In [18], the concept of the definition domain of a functional dependency was introduced with the aim of separating the values “not defined (Null)” and “does not exist.” A formal theory, which is a natural generalization of the classical theory and allows getting rid of the values “does not exist” at the design stage of the DB scheme was also developed. The definition domain of a dependency in [18] is a set of attributes, which is consistent with Definition 2. Thus, the dependencies considered below are full, but in their own definition domain. In this case, the deduced dependencies may have a larger or smaller definition domain than that of the initial dependencies.

Consideration of formal theories in a DB allows answering the main problems of a DB design:

• whether the database project built on the basis of dependencies set is optimal and correct in relation to some criteria (presence of anomalies, minimal coverage, etc),

• whether the decomposition of $({{R}_{1}},{{R}_{2}}, \ldots ,{{R}_{k}})$ preserves dependencies as integrity constraints on the data.

The solution to these problems is based on the dependency derivation rules. We consider a set of rules for join dependencies.

(P0) $\emptyset $ $\left| = \right.$ ⋈ $(X)$, $X \subseteq U$.

(P1) ⋈$({{X}_{1}},{{X}_{2}}, \ldots ,{{X}_{k}})$ $\left| = \right.$ ⋈ $({{Y}_{1}},{{Y}_{2}}, \ldots ,{{Y}_{m}})$ if:

(p11) for any ${{X}_{i}}$, there is ${{Y}_{j}}$: ${{X}_{i}} \subseteq {{Y}_{j}}$;

(p12) for any ${{Y}_{j}}$, ${{Y}_{j}} \subseteq {{X}_{1}} \cup {{X}_{2}} \cup \ldots \cup {{X}_{k}}$ is satisfied.

(P2) ⋈$({{X}_{1}},{{X}_{2}}, \ldots ,{{X}_{k}})$ $\left| = \right.$ ⋈ $({{Y}_{1}},{{Y}_{2}}, \ldots ,{{Y}_{k}})$ if:

(p21) ${{X}_{i}} \cap ({{X}_{1}} \cup {{X}_{2}} \cup \ldots \cup {{X}_{{i - 1}}} \cup {{X}_{{i + 1}}} \ldots \cup {{X}_{k}}) \subseteq {{Y}_{i}}$;

(p22) ${{Y}_{i}} \subseteq {{X}_{i}}$.

(P3) ⋈$({{X}_{1}},{{X}_{2}}, \ldots ,{{X}_{k}})$ $\left| = \right.$ ⋈ $({{Y}_{1}},{{Y}_{2}}, \ldots ,{{Y}_{k}})$ if:

(p31) ${{Y}_{i}} = {{X}_{i}} \cup Z$, $Z \subseteq {{X}_{1}} \cup {{X}_{2}} \cup \ldots \cup {{X}_{k}}.$

(P4) ⋈ $({{X}_{1}},{{X}_{2}}, \ldots ,{{X}_{k}},V)$, ⋈ $({{Y}_{1}},{{Y}_{2}}, \ldots ,{{Y}_{m}})$ $\left| = \right.$ ⋈ $({{X}_{1}},{{X}_{2}}, \ldots ,{{X}_{k}},V \cap {{Y}_{1}},V \cap {{Y}_{2}}, \ldots ,V \cap {{Y}_{m}})$ if:

(p41) ${{Y}_{i}} \cap {{Y}_{j}} \subseteq V,i \ne j$;

(p42) $V \cap ({{X}_{1}} \cup {{X}_{2}} \cup \ldots \cup {{X}_{k}}) \subseteq V \cap ({{Y}_{1}} \cup {{Y}_{2}} \cup \ldots \cup {{Y}_{m}})$.

We consider the compliance of the rules presented here.

Statement 2. Rules A0–A4 are a consequence of rules P0–P4.

Proof.

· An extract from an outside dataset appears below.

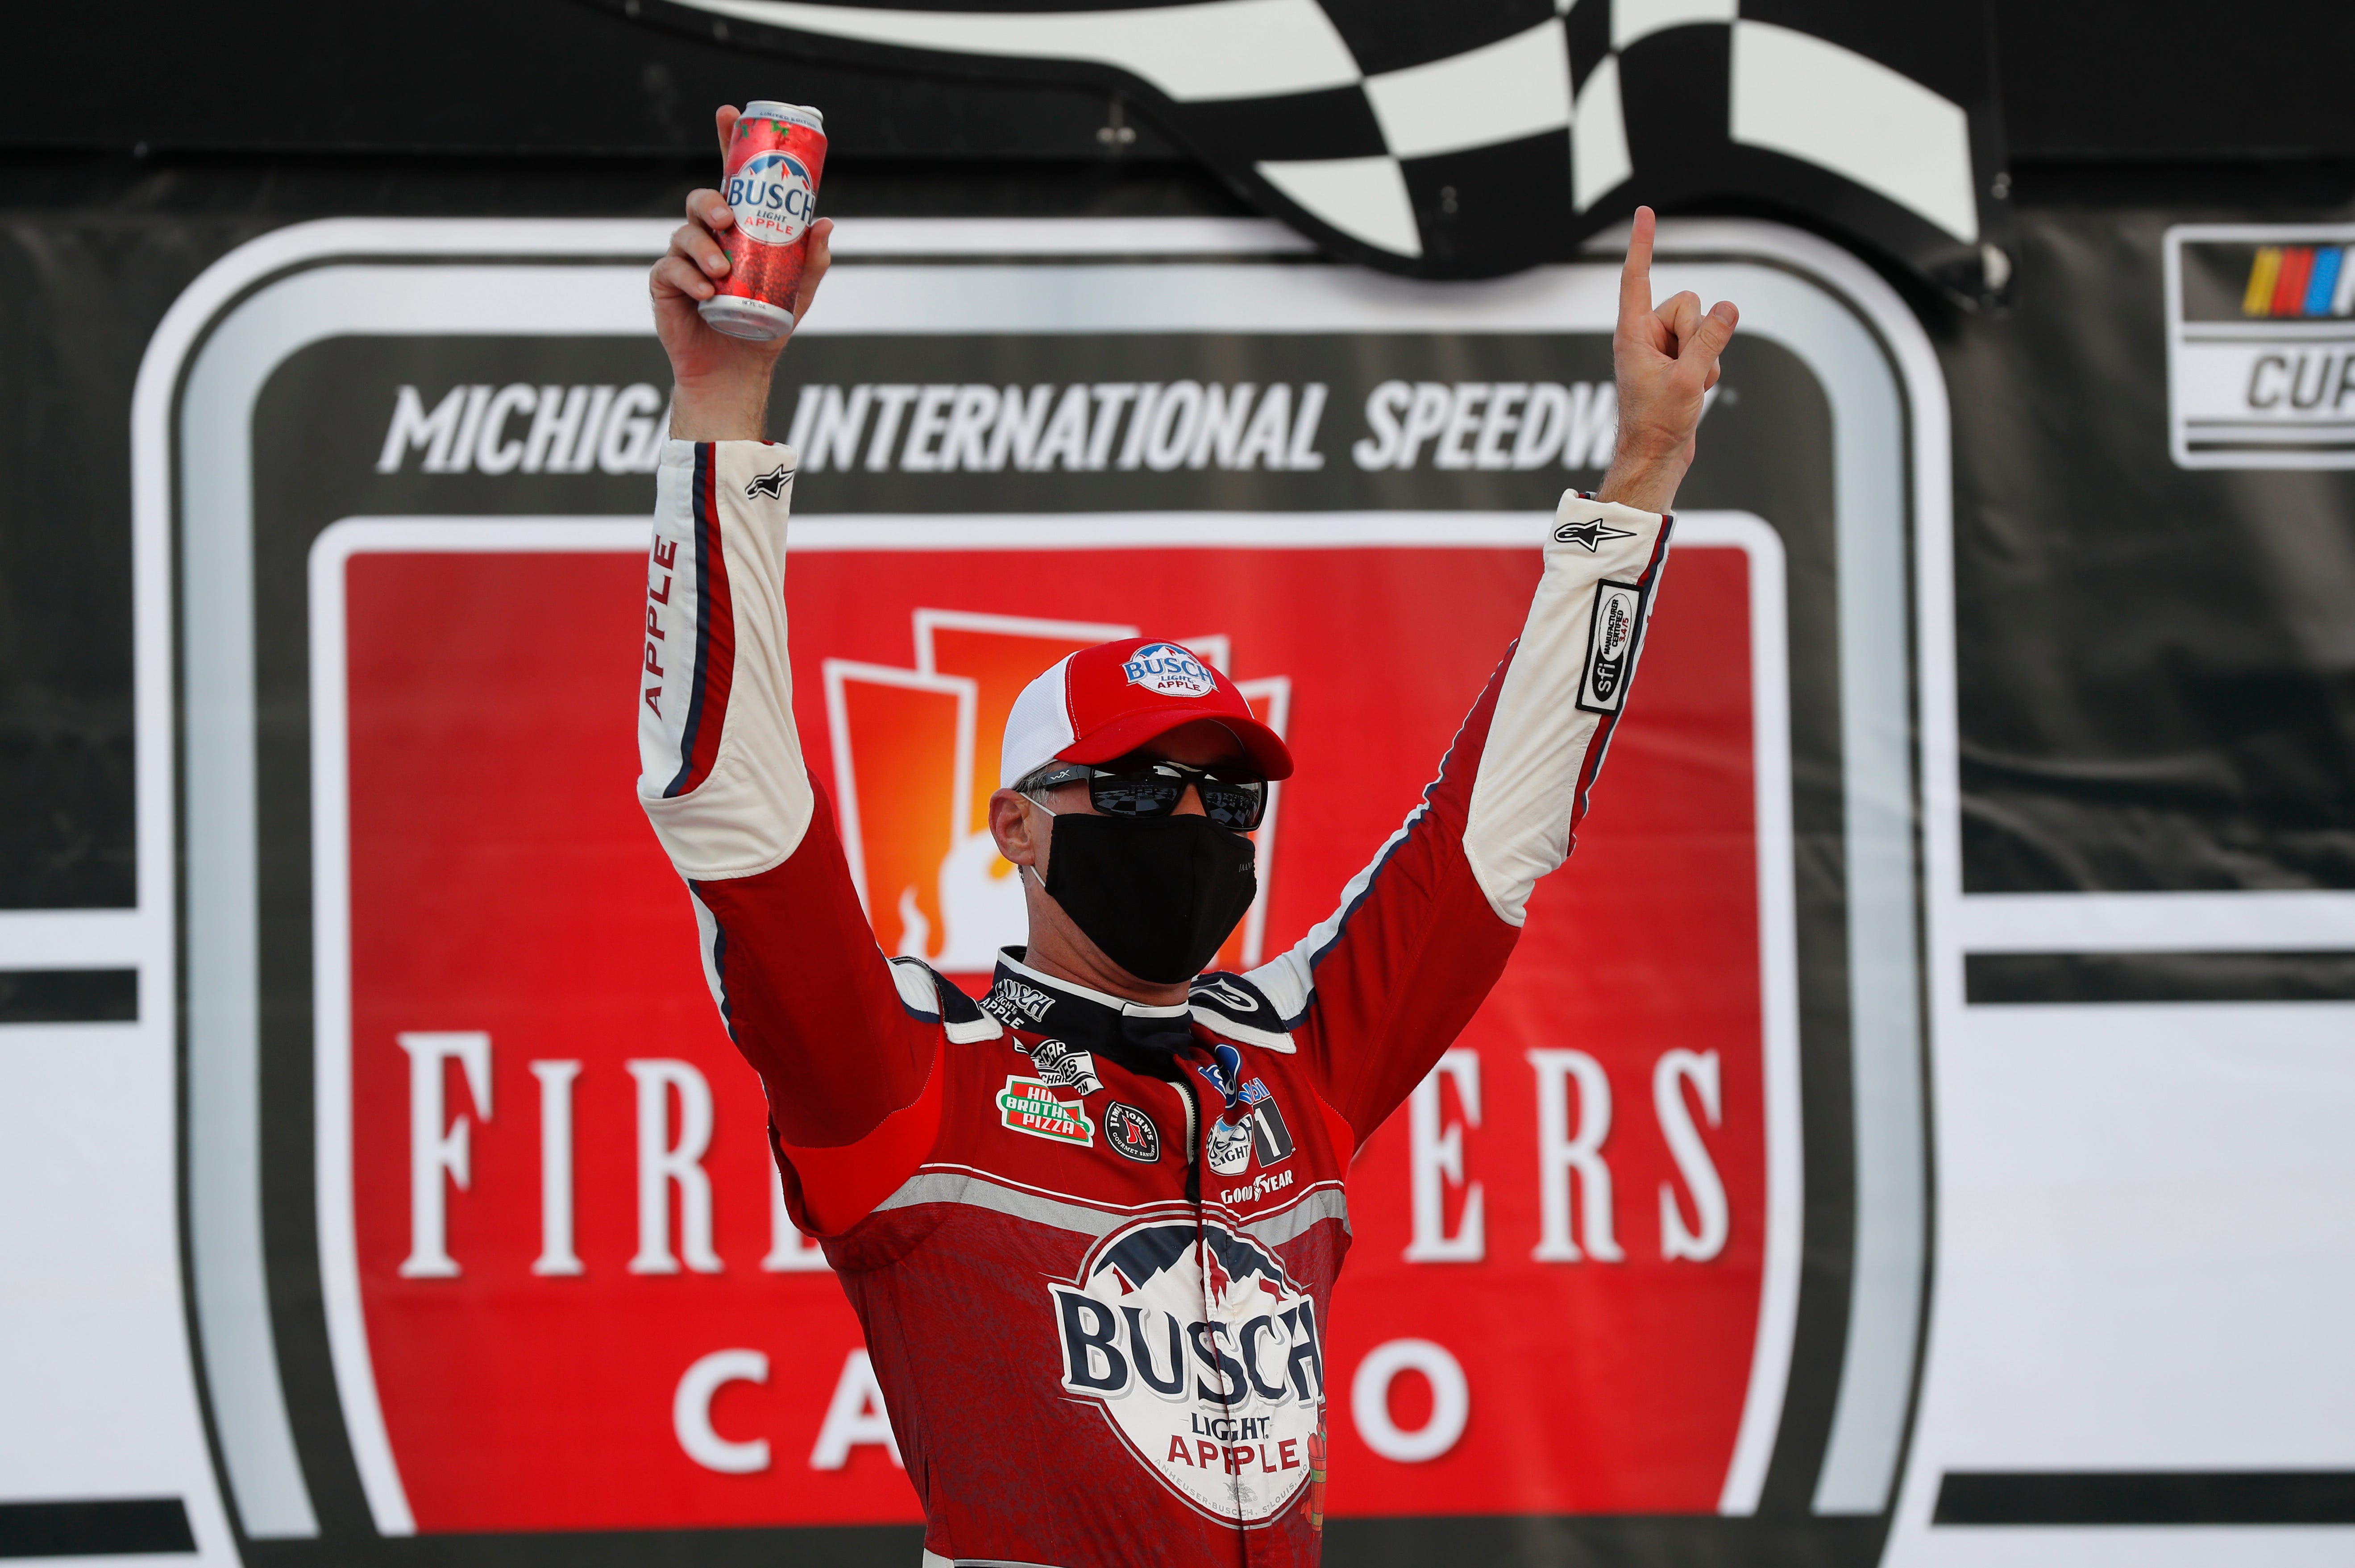 Kevin Harvick celebrates after winning a NASCAR Cup Series auto race at Michigan International Speedway in Brooklyn, Mich., Saturday, Aug. 8, 2020.

Obviously, rules A0 and P0 are equivalent. Rule A1 is a consequence of P1 on a set of attributes $X = {{X}_{1}} \cup {{X}_{2}} \cup \ldots \cup {{X}_{k}}$. Indeed, condition p12 of rule P1 coincides with condition $Y \subseteq attr({\mathbf{S}})$ of rule A1, and condition p11 of rule P1 is satisfied by the construction of rule A1. Since P1 corresponds to the more general case, A1 is a consequence of P1 on the set of attributes $X = {{X}_{1}} \cup {{X}_{2}} \cup \ldots \cup {{X}_{k}}$. It is not difficult to check that $X = {{Y}_{1}} \cup {{Y}_{2}} \cup \ldots \cup {{Y}_{k}}$. Rule A2 is an obvious consequence of rule P1. Rule A3 is a special case of rule P4. Indeed, if $V = {{Y}_{1}} \cup {{Y}_{2}} \cup \ldots \cup {{Y}_{m}}$, then the conditions p41 and p42 will always be satisfied, and the rule P4 itself will coincide with rule A3. Rule A4 becomes an obvious consequence of rule P2 if we make identifications of ${\mathbf{S}} = ({{X}_{1}},{{X}_{2}}, \ldots ,{{X}_{{i - 1}}},{{X}_{{i + 1}}}, \ldots ,{{X}_{k}})$ and $YA = {{X}_{i}}$.

Statement 3. Rules B1–B5 are a consequence of rules P0–P4.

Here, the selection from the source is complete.